About this exercise:
Copy out the records below exactly as they appear.

Provided material:
+++

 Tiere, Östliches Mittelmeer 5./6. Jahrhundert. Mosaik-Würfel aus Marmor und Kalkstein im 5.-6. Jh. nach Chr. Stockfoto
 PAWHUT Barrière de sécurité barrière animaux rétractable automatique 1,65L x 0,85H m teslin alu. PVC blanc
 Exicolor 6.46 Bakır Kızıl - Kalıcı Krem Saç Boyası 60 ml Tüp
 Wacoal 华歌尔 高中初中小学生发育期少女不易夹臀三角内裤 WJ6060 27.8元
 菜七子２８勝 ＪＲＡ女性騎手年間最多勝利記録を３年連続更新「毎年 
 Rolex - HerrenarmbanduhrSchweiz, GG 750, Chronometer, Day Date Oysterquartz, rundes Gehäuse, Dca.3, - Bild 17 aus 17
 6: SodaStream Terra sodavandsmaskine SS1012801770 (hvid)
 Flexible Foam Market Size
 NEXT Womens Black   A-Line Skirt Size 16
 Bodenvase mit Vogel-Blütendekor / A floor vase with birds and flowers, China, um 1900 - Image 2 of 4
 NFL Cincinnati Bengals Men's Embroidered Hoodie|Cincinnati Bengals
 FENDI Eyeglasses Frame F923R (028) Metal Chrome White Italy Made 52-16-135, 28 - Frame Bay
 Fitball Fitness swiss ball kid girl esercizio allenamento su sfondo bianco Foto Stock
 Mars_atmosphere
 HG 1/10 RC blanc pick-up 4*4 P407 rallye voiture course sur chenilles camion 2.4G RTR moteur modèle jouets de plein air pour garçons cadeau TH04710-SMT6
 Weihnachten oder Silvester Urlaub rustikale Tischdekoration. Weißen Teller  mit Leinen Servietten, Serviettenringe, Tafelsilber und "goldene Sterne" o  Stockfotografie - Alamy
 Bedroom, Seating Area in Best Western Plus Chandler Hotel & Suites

+++

Solution to the exercise:
 Tiere, Östliches Mittelmeer 5./6. Jahrhundert. Mosaik-Würfel aus Marmor und Kalkstein im 5.-6. Jh. nach Chr. Stockfoto
 PAWHUT Barrière de sécurité barrière animaux rétractable automatique 1,65L x 0,85H m teslin alu. PVC blanc
 Exicolor 6.46 Bakır Kızıl - Kalıcı Krem Saç Boyası 60 ml Tüp
 Wacoal 华歌尔 高中初中小学生发育期少女不易夹臀三角内裤 WJ6060 27.8元
 菜七子２８勝 ＪＲＡ女性騎手年間最多勝利記録を３年連続更新「毎年 
 Rolex - HerrenarmbanduhrSchweiz, GG 750, Chronometer, Day Date Oysterquartz, rundes Gehäuse, Dca.3, - Bild 17 aus 17
 6: SodaStream Terra sodavandsmaskine SS1012801770 (hvid)
 Flexible Foam Market Size
 NEXT Womens Black   A-Line Skirt Size 16
 Bodenvase mit Vogel-Blütendekor / A floor vase with birds and flowers, China, um 1900 - Image 2 of 4
 NFL Cincinnati Bengals Men's Embroidered Hoodie|Cincinnati Bengals
 FENDI Eyeglasses Frame F923R (028) Metal Chrome White Italy Made 52-16-135, 28 - Frame Bay
 Fitball Fitness swiss ball kid girl esercizio allenamento su sfondo bianco Foto Stock
 Mars_atmosphere
 HG 1/10 RC blanc pick-up 4*4 P407 rallye voiture course sur chenilles camion 2.4G RTR moteur modèle jouets de plein air pour garçons cadeau TH04710-SMT6
 Weihnachten oder Silvester Urlaub rustikale Tischdekoration. Weißen Teller  mit Leinen Servietten, Serviettenringe, Tafelsilber und "goldene Sterne" o  Stockfotografie - Alamy
 Bedroom, Seating Area in Best Western Plus Chandler Hotel & Suites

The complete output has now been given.